The story of this game casts so much doubt on what we believe to be true in the previous Zelda games, while also telling a gripping tale of its own.
The easiest way to discuss the gameplay of this title is to suggest that it is very similar to previous 3D Zelda titles. I mean sure, there are a few enhancements, but why change the fundamental gameplay characteristics if they aren’t exactly broken? However, I will say that this is probably one of the most fun Zelda games to play, and the way that many items interact with the Wii Motion+ really enhances the overall experience of the game.
Skyward Sword is a behind-view third-person action/adventure game with very puzzling puzzle elements. I know that you can make a case for saying that this is actually an RPG, but, the decisions that you scantily get to make that isn’t deciding to move in a fashion to get you to a goal do not affect the world all that much. Sure, interacting with certain characters a certain way will get them to say a different line of text, but there isn’t much difference, storywise, as to what you say or do to them. Another argument that one can upgrade their weaponry and items within the game. But I counter with the fact that upgrading them only makes them cooler, but they still have no bearing on choosing how the world reacts to your presence that much more.

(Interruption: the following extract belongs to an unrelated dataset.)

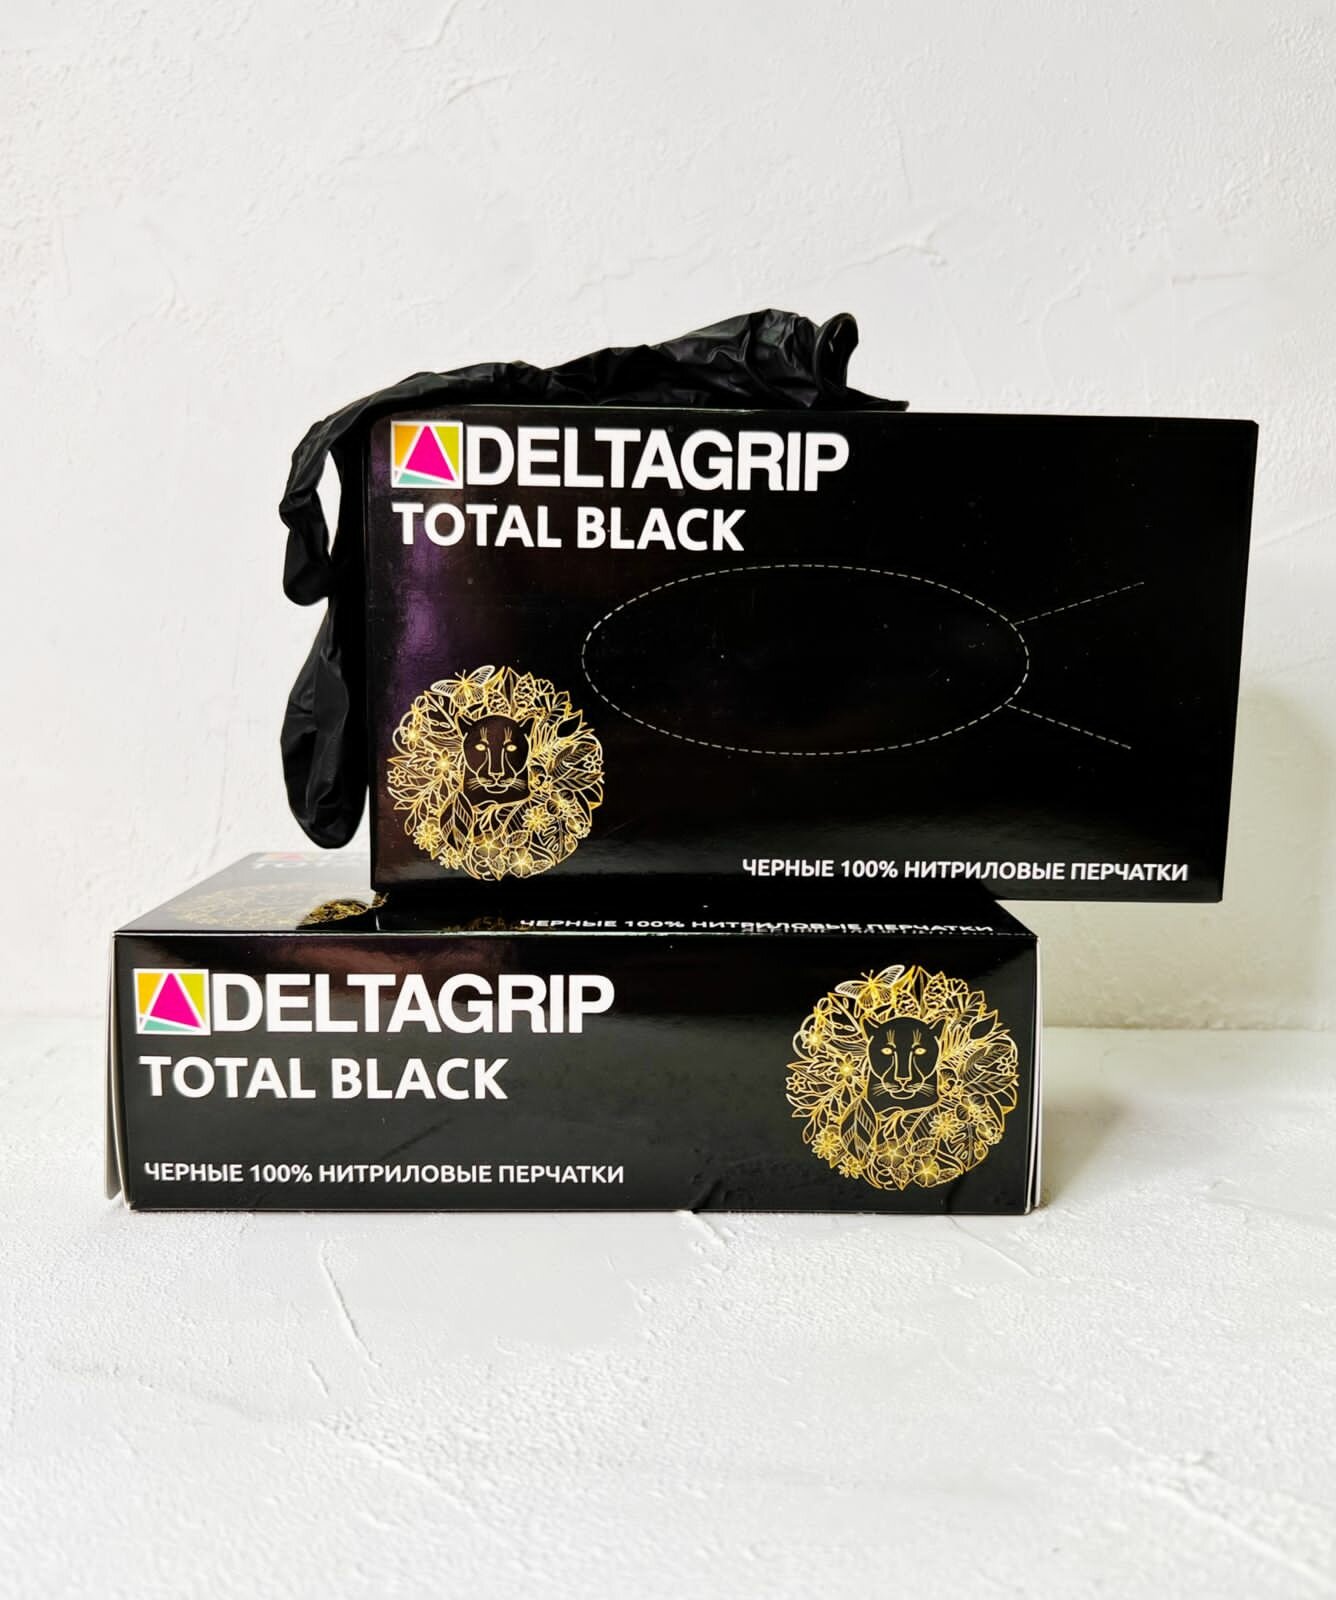 Перчатки нитриловые Gward Deltagrip Ultra LS Black, цвет: черный, размер L, 100 шт. (50 пар), 8 грамм нитрила пара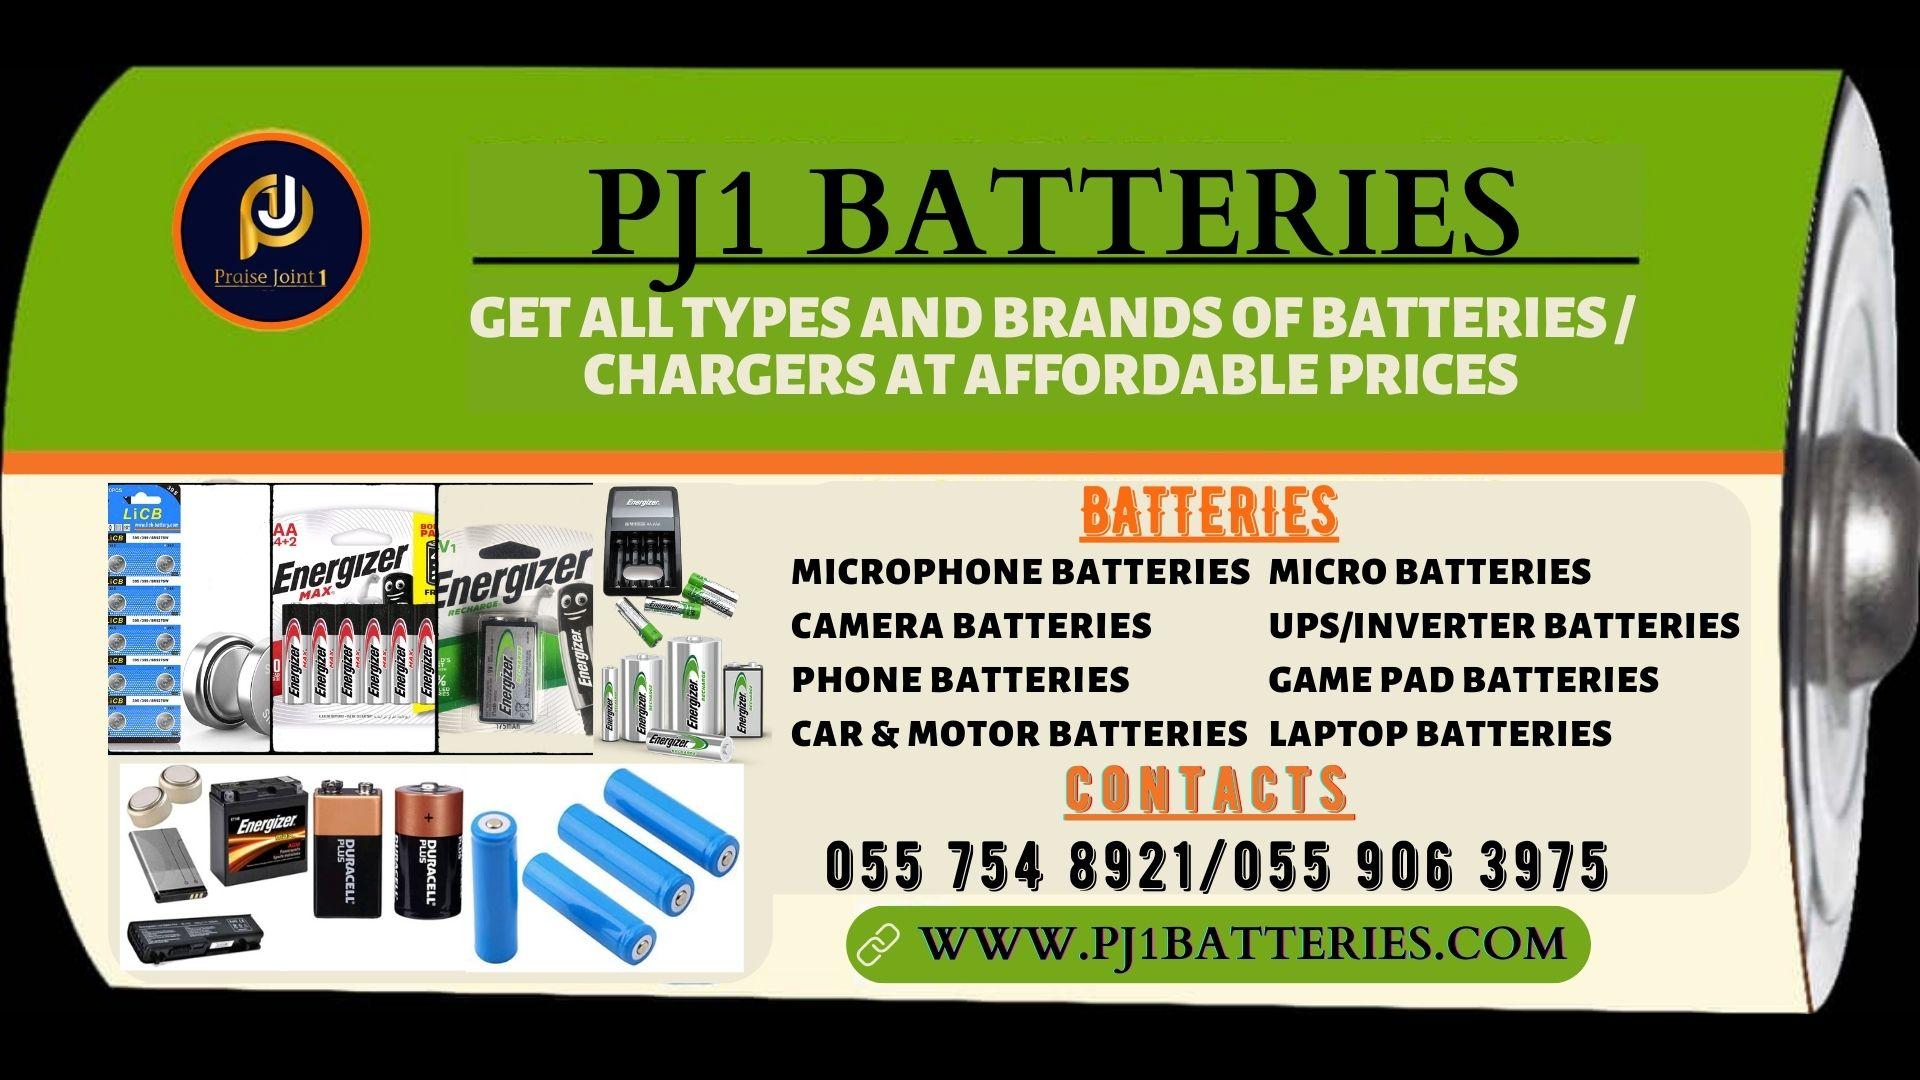 pj1 battery banner

What’s even worse with the crafting system is that I found it incredibly hard to get the materials that I needed to fully upgrade my items. This isn’t a detriment to the system though, as players who enjoy collecting obscure items will be greatly rewarded and this is even more enhanced by the bug collecting system within the game. THE BUG NET IS PROBABLY ONE OF THE MOST FUN ITEMS TO PLAY WITH IN THE GAME!!! So is the beetle, especially when you upgrade it so that it can carry bombs.
The Beetle is an item, not an insect, that you obtain in the game and is also the best example, that isn’t the bug net, of the Wii Motion+ controls within the game. By using the Wiimote as a stand-in for the beetle, you can manipulate the in game beetle by using your wii remote as a basis for its movements. I personally found that holding the Wiimote like a pencil was the best method of control for such devices in the game. This also holds true for the birds that you fly whilst in Skyloft.
The birds, like the boat in Windwaker, are the primary method of transportation by the humans living in Skyloft. You, as a human from Skyloft, also have your own bird. Controlling the bird is as simple as tilting your Wiimote around as though the tip of it is the birds beak. As I previously mentioned, I found it much easier to control whilst holding the controller like a Pencil.
Swordfighting. This game has a huge emphasis on 1:1 movements with the Sword in the game. Fortunately the controls are quite responsive, except for when they are not. There were a few instances, not that many but all were crucial, where the controller would not responds correctly to my movements. Overhead vertical, turns into a horizontal strike from the left. Even worse is when you’re trying to block and the controller reads your subtle movements as sword strikes. So yes, the controls are accurate, just they sometimes are misread by the Motion+ sensor, which is a shame.
Is the Motion+ “enhancement” justified? No. But does it add a level of fun to the game that would otherwise be missing? Hell Yeah! And fun is the most important aspect of gaming.